Lorsqu’un être humain prie ou médite, l’activité de son cerveau subit des modifications spécifiques perceptibles par l’imagerie cérébrale. Nous entrons alors dans le monde de la neurothéologie. Les précisions de Jacques Besson, chef du Service de psychiatrie communautaire du CHUV et professeur ordinaire à l’UNIL.
La neurothéologie – appelée parfois neurosciences de la religion – est un mot relativement récent. Il a été utilisé pour la première fois en 1962 par Aldous Huxley (Le meilleur des mondes) dans son roman Ile. Plus près de nous, il est apparu en 2001, dans Why God Won’t Go Away, un ouvrage à succès d’Andrew Newberg. Ce scientifique de l’Université de Pennsylvanie a mené des recherches sur le comportement du cerveau humain durant la méditation. Il en a tiré des images historiques qui ont été faites sur des moines bouddhistes.
Jacques Besson, chef du Service de psychiatrie communautaire du CHUV, résume: «La neurothéologie, c’est l’imagerie cérébrale à la recherche des circuits et des régions du cerveau qui sont impliqués dans les activités de méditation mais aussi au sens plus large dans des démarches spirituelles, comme la prière ou d’autres mécanismes qui font appel à la figure divine ou à des activités plus proprement religieuses.»
Cette discipline s’est énormément développée ces dix dernières années. L’avancée la plus spectaculaire concerne la connaissance des effets de la méditation. Plusieurs études le démontrent: la méditation a un important impact sur la partie du cerveau qui contrôle le système neurovégétatif, elle améliore la fréquence cardiaque, allège le stress, modifie un certain nombre d’équilibres dans les neurotransmetteurs qui contribuent à diminuer l’anxiété, la dépression, l’addiction.

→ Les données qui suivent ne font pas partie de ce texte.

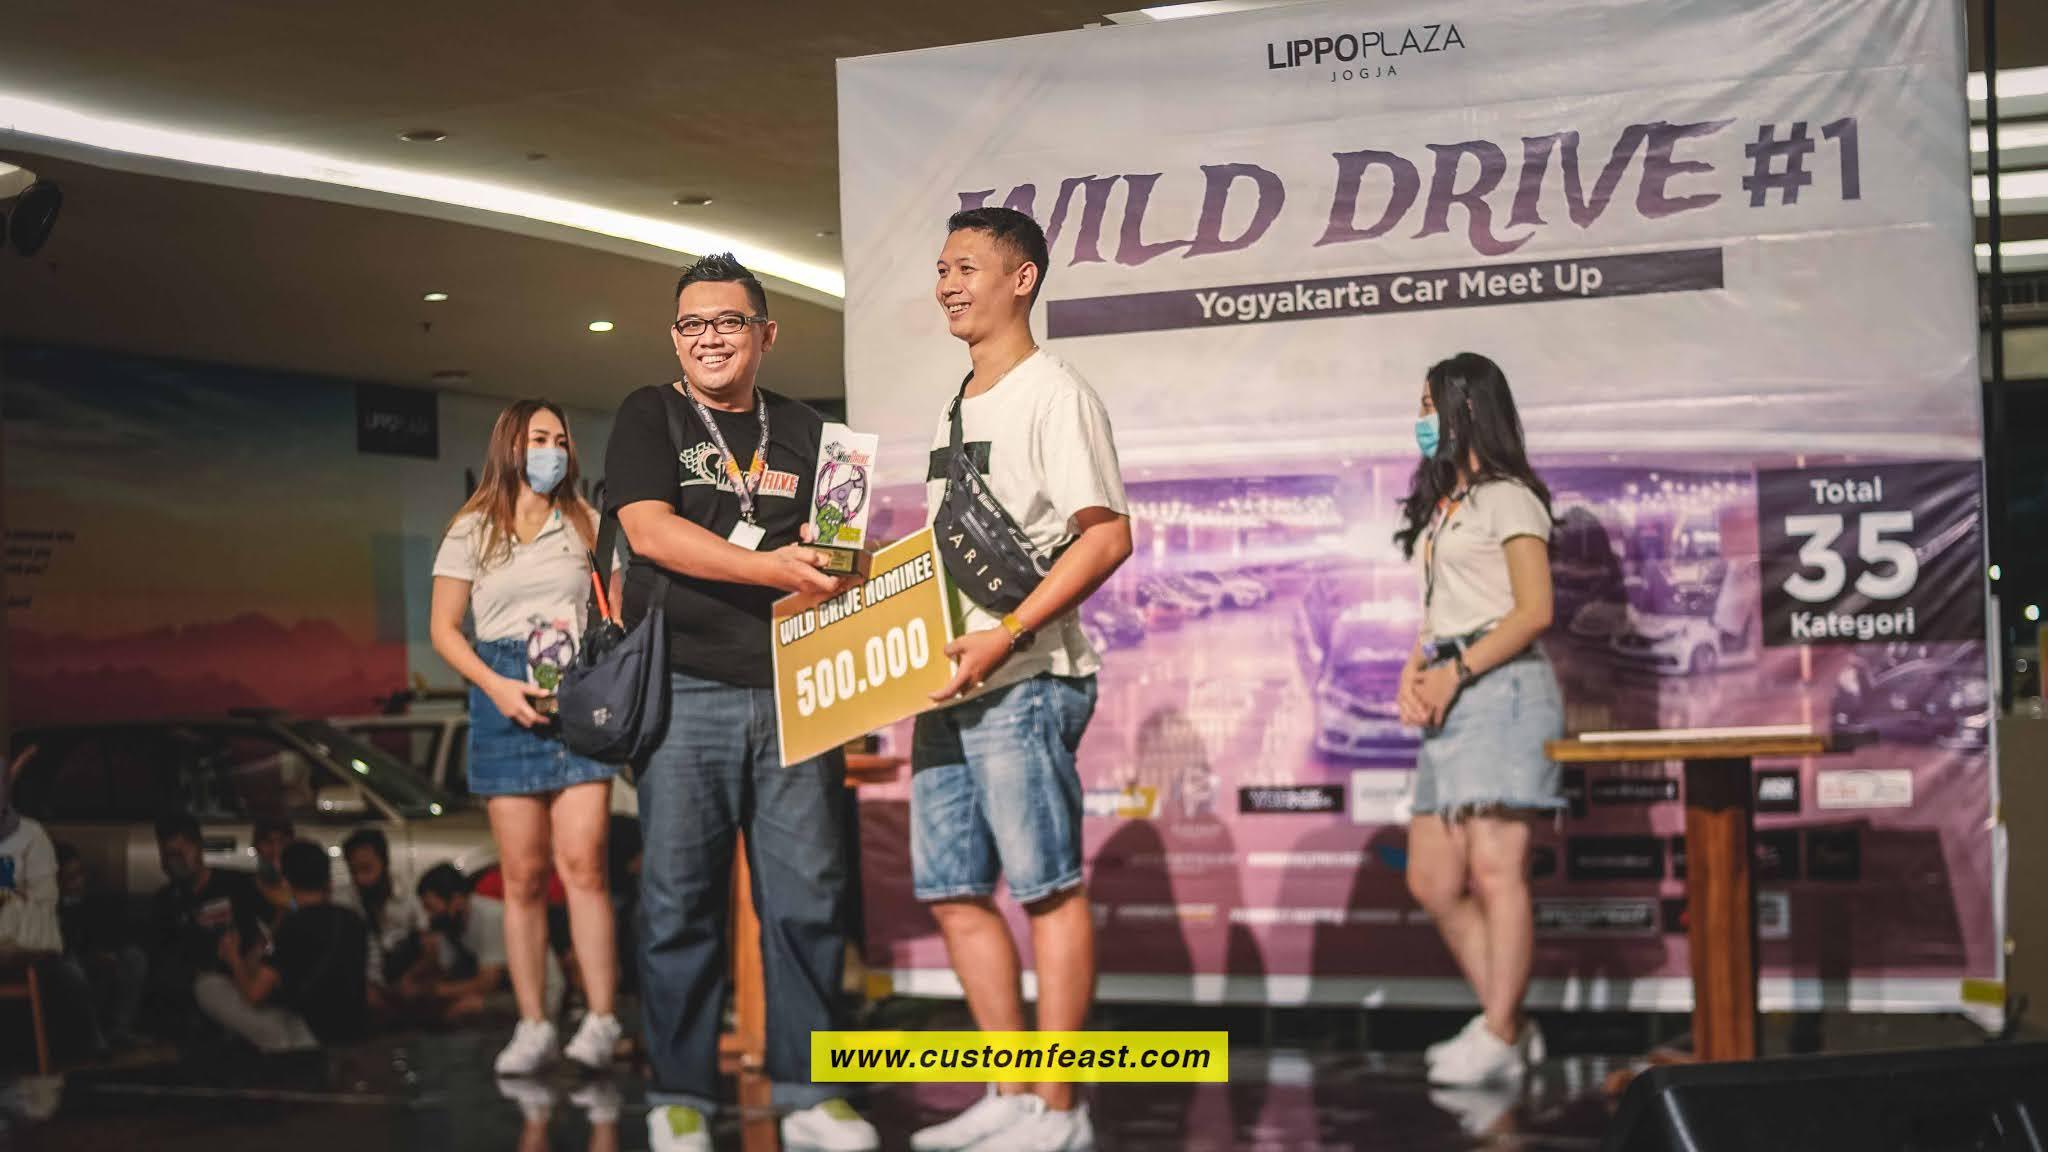 Wild Drive Car Contest
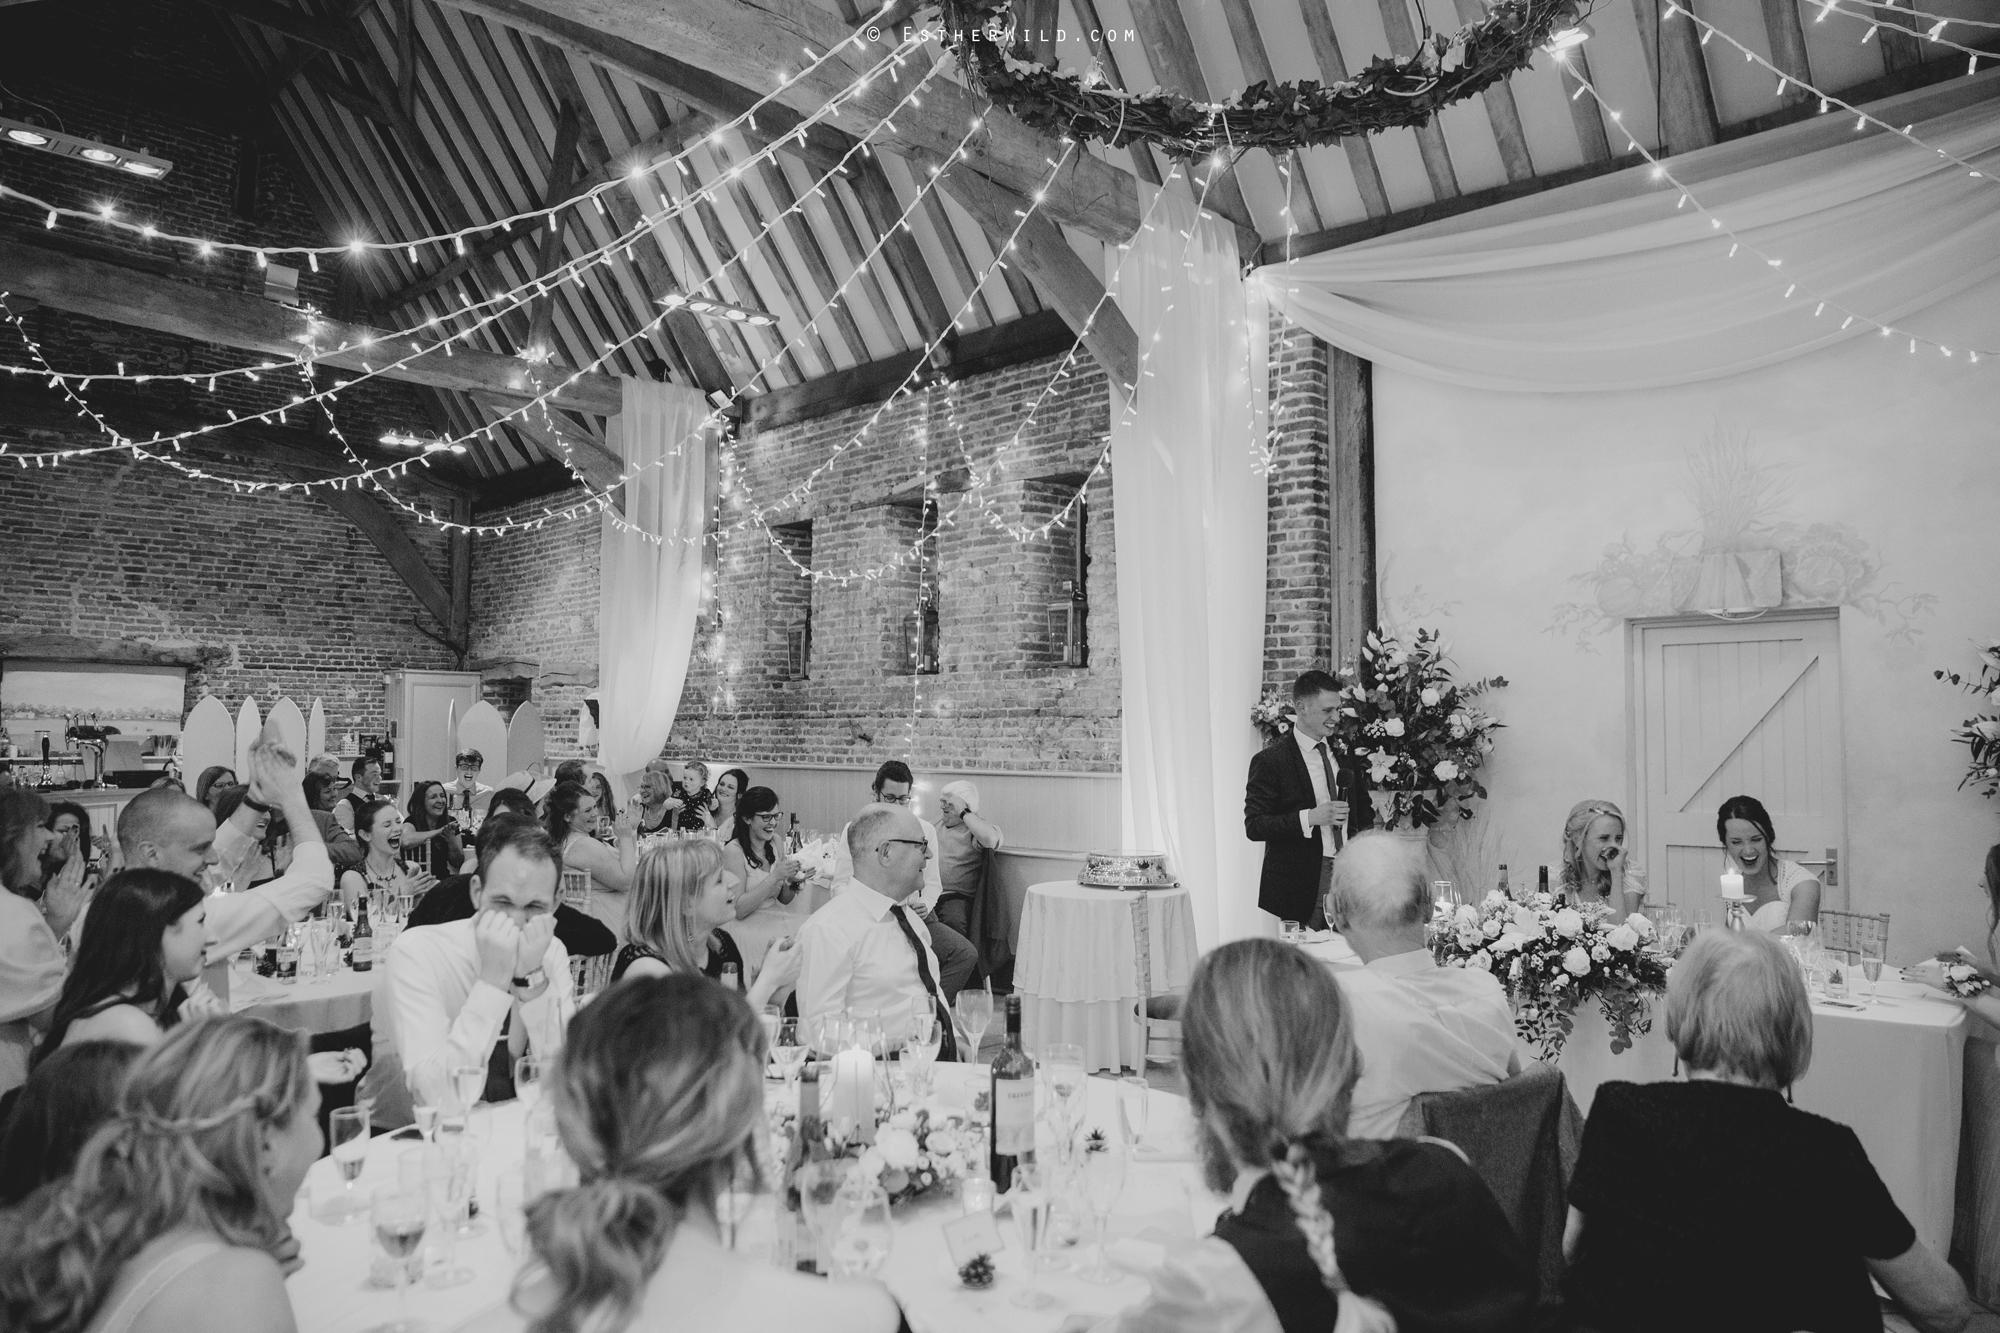 Elms_Barn_Weddings_Suffolk_Photographer_Copyright_Esther_Wild_IMG_2868-1.jpg

Jacques Besson, également membre de la Commission fédérale pour les questions liées aux drogues, poursuit: «Allier une grille de lecture neurobiologique à des choses que je savais déjà sur le plan sociologique et psychologique m’amène à dire que la neurothéologie est le chaînon manquant pour comprendre l’impact de la spiritualité sur la santé physique et mentale.» Jacques Besson travaille sur ces questions depuis près de trente ans. Il a fait sa thèse de médecine sur la correspondance entre Sigmund Freud et Oskar Pfister, un pasteur zurichois. Il travaille sur les traitements des populations vulnérables depuis longtemps dans une approche interdisciplinaire. Selon le psychiatre, la spiritualité est une réponse à l’addiction, qui, en sa qualité d’impasse, donne des réponses artificielles à des questions existentielles.
Dieu est dans le cerveau
Neurothéologie. Sciences et religion. Un mariage souvent pluvieux soumis à controverses. D’un côté, certains scientifiques l’affirment: le cerveau est équipé de ces circuits destinés à produire une forme d’apaisement à l’être humain. Ces circuits ne seraient que des productions cérébrales. Résultat? Dieu résiderait… dans le cerveau. A l’opposé, certains pensent qu’au contraire, le cerveau utilise des circuits importants qui occupent un espace central dans l’appareil psychique et dans le système cérébral. L’être humain serait donc doté de circuits neurobiologiques qui lui permettent d’accéder à des mystères, à la métaphysique.
La neurothéologie prouve-t-elle l’existence de Dieu? «On ne peut pas répondre à cette question. Libre à chacun d’interpréter les données, la science montre comment ça marche. La neurothéologie indique que ce sont des questions universelles qui concernent tous les êtres humains, que nous avons tous besoin de sens, de réponses pour vivre ensemble. C’est important, à l’époque de la mondialisation, que la science le souligne: toutes les religions ont le même centre. Sur ce point-là, tous les hommes sont frères.»